Второй парадокс — это самобытность этой земли, состоящая из разных климатов, пространств, культур (что нашло красноречивое выражение в 11 городах, принимающих Чемпионат мира). Не являясь ни Европой, ни Азией, Россия, называемая с помощью неологизма «евразийская держава», — как отмечал маркиз де Кюстин, один из первых исследовавших ее путешественников — это «чудовищная смесь византийской мелочности с татарской свирепостью», «гибрид, привносящий жизненную силу степи» в сердце самой Европы.

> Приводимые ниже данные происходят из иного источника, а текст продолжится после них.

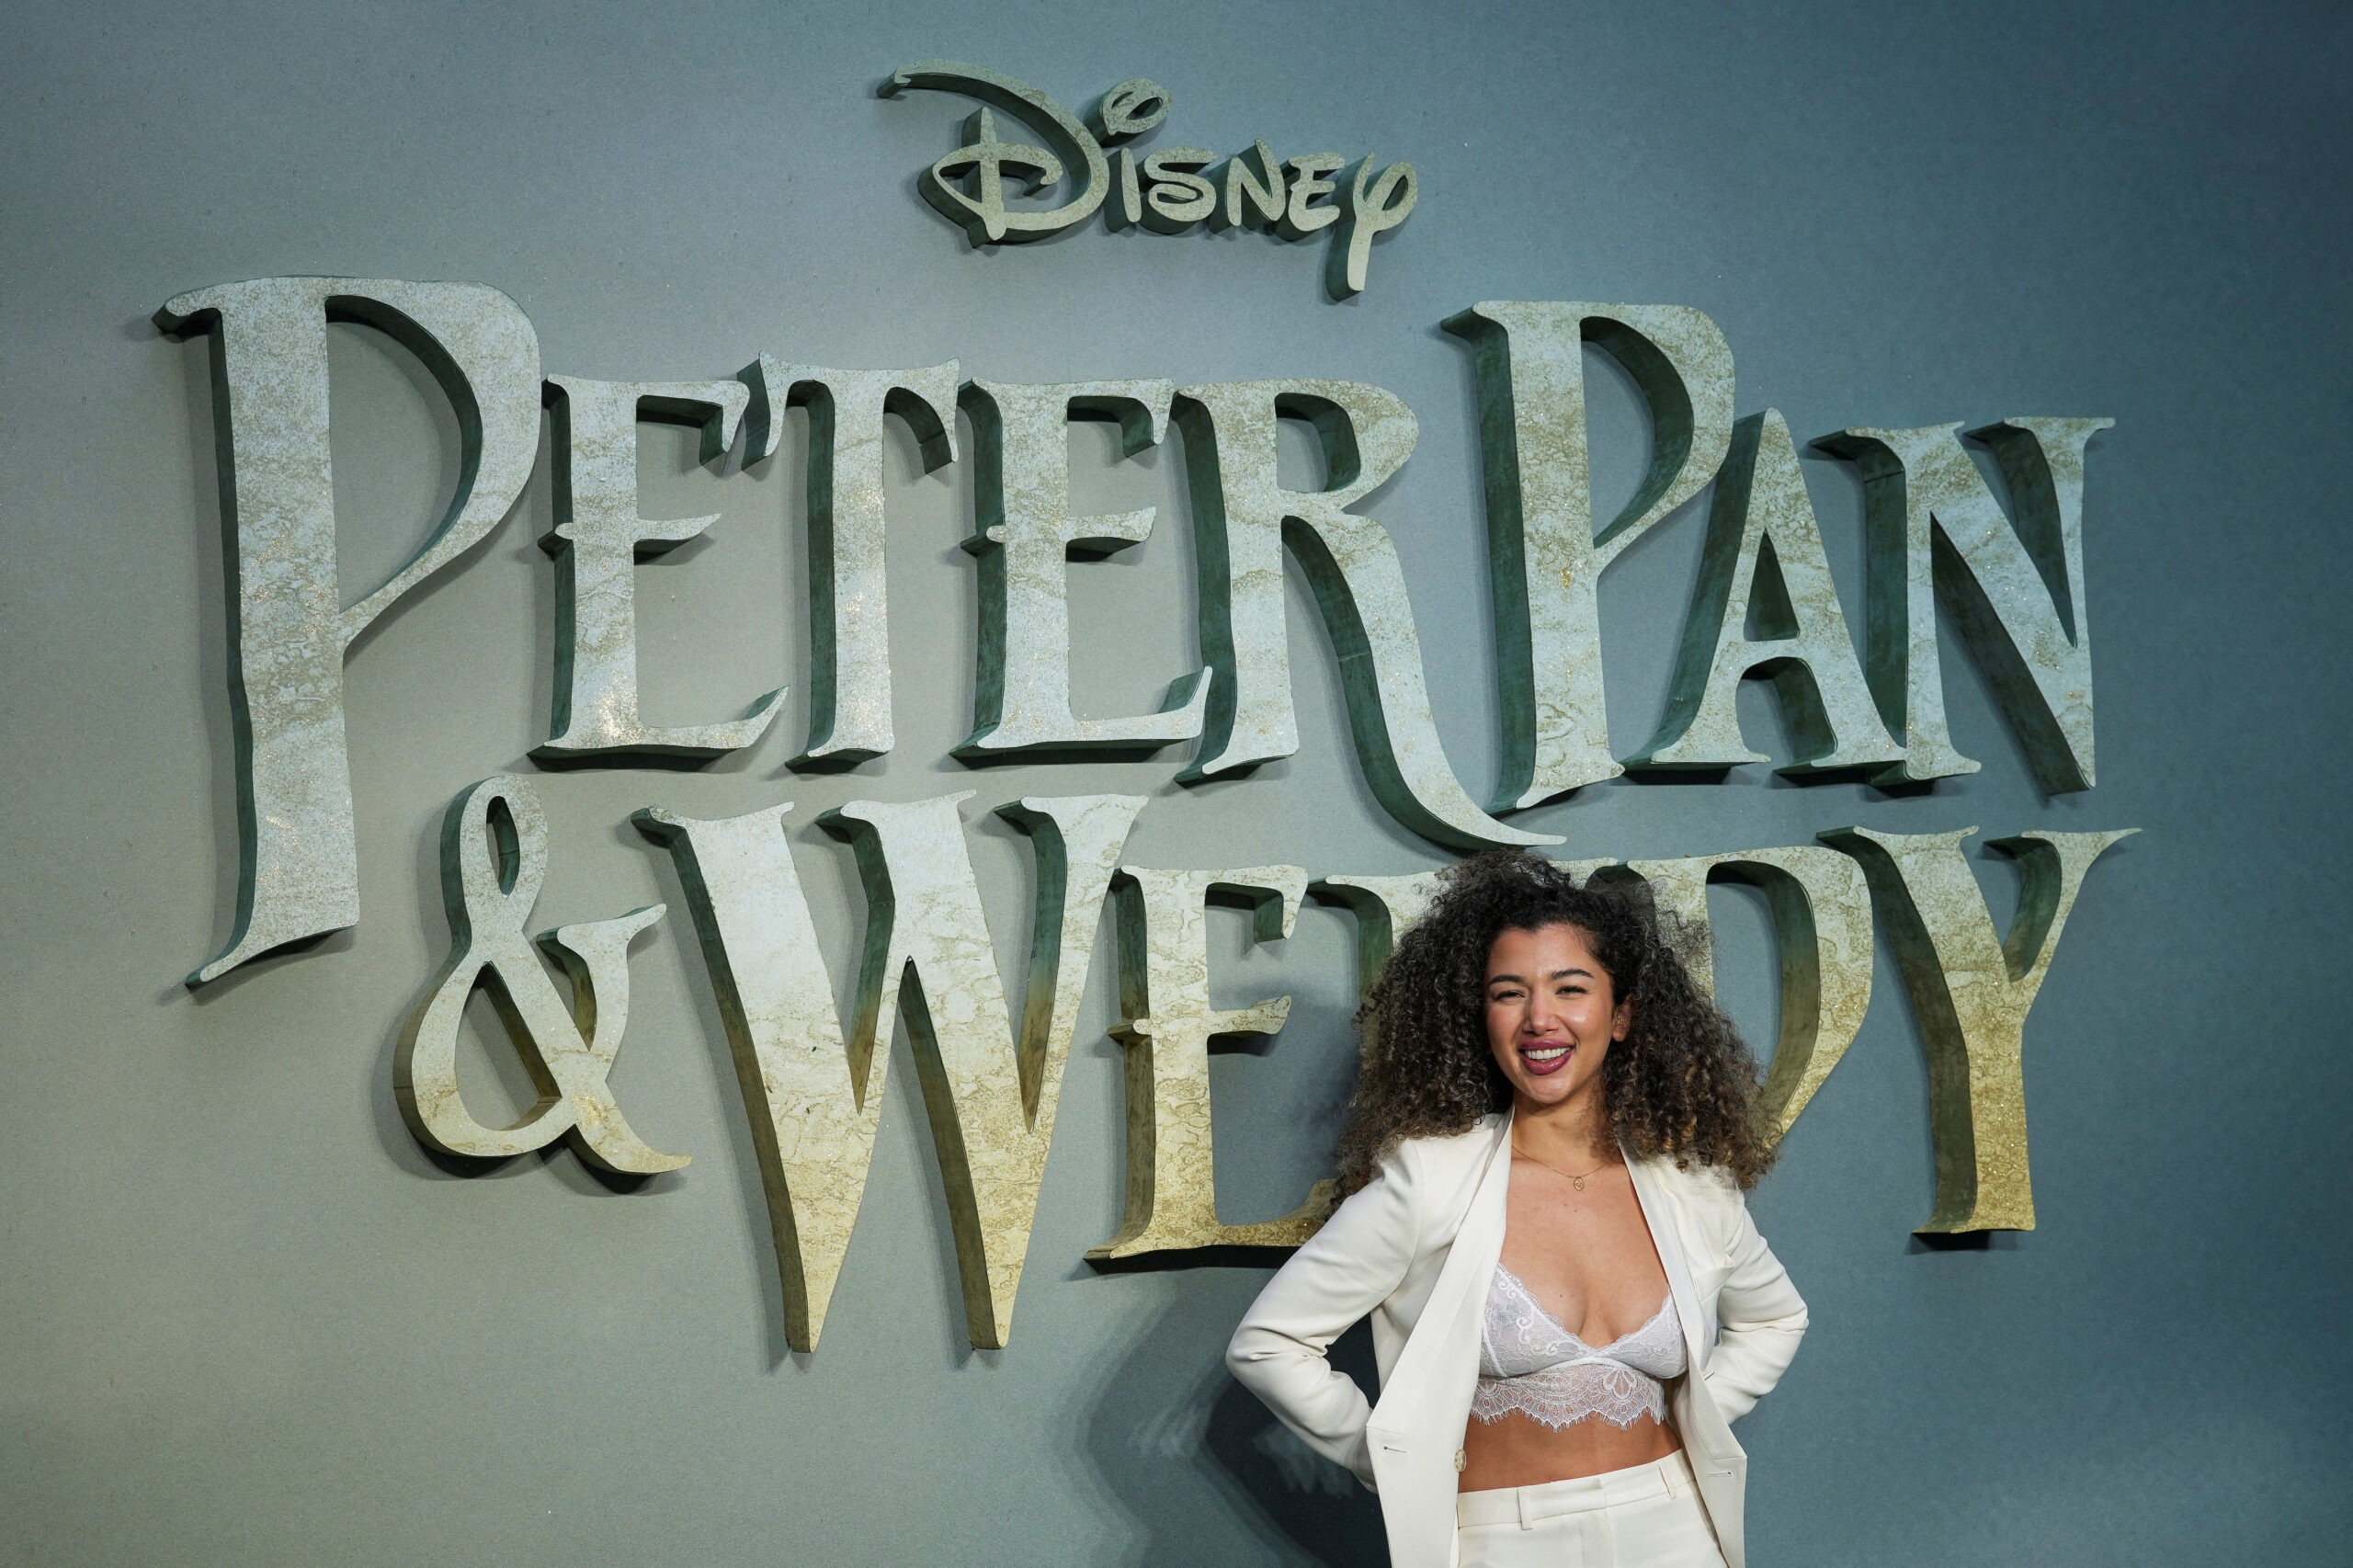 Cast member Yara Shahidi attends the world premiere of the film 'Peter Pan and Wendy' in London, Britain April 20, 2023. REUTERS/Maja Smiejkowska

От Петра I (который привел Россию принудительными этапами от Средневековья к современности) до Владимира Путина (которому пришлось управлять шоковым переходом от реального социализма к дикому капитализму и к формированию мафий) российский гибрид сохранял неизменную способность отстранения: совершенно как путешественники от восемнадцатого-девятнадцатого веков, сегодняшние гости России — журналисты, политики, коммерсанты или просто туристы — поражаются ее «почти сюрреалистическим крайностям». Спотыкаясь, продолжается изоляция (вот «Большая восьмерка» превратилась в «семерку», посткрымские и постукраинские санкции — попытки обсудить заново только сейчас). Сохраняется — неизменно сквозь века — невозможность перехода к демократическим формам правления, связанная, как отмечала еще Екатерина Великая, с этой патологической протяженностью в пространства, с этими пейзажами планеты, находящейся за пределами солнечной системы.
Как же футбол попал на этот «отдельный континент», как он здесь развивался? Если не считать имперских времен (омраченных результатом 0:16 в матче Россия-Германия), общая картина вырисовывается в послереволюционный период, особенно, при сталинизме. Как и в других режимах, футбол быстро становится инструментом легитимизации идеологии (в данном случае — пролетарской, антибуржуазной риторики) через концепцию «гигиены и здоровья», «активных» спортсменов, которых можно увидеть на картинах художников-графиков Самохвалова и Дейнеки, однако пролетарская риторика и классовые противоречия будут тут же проступать, но не столь очевидно, в технике «сфумато».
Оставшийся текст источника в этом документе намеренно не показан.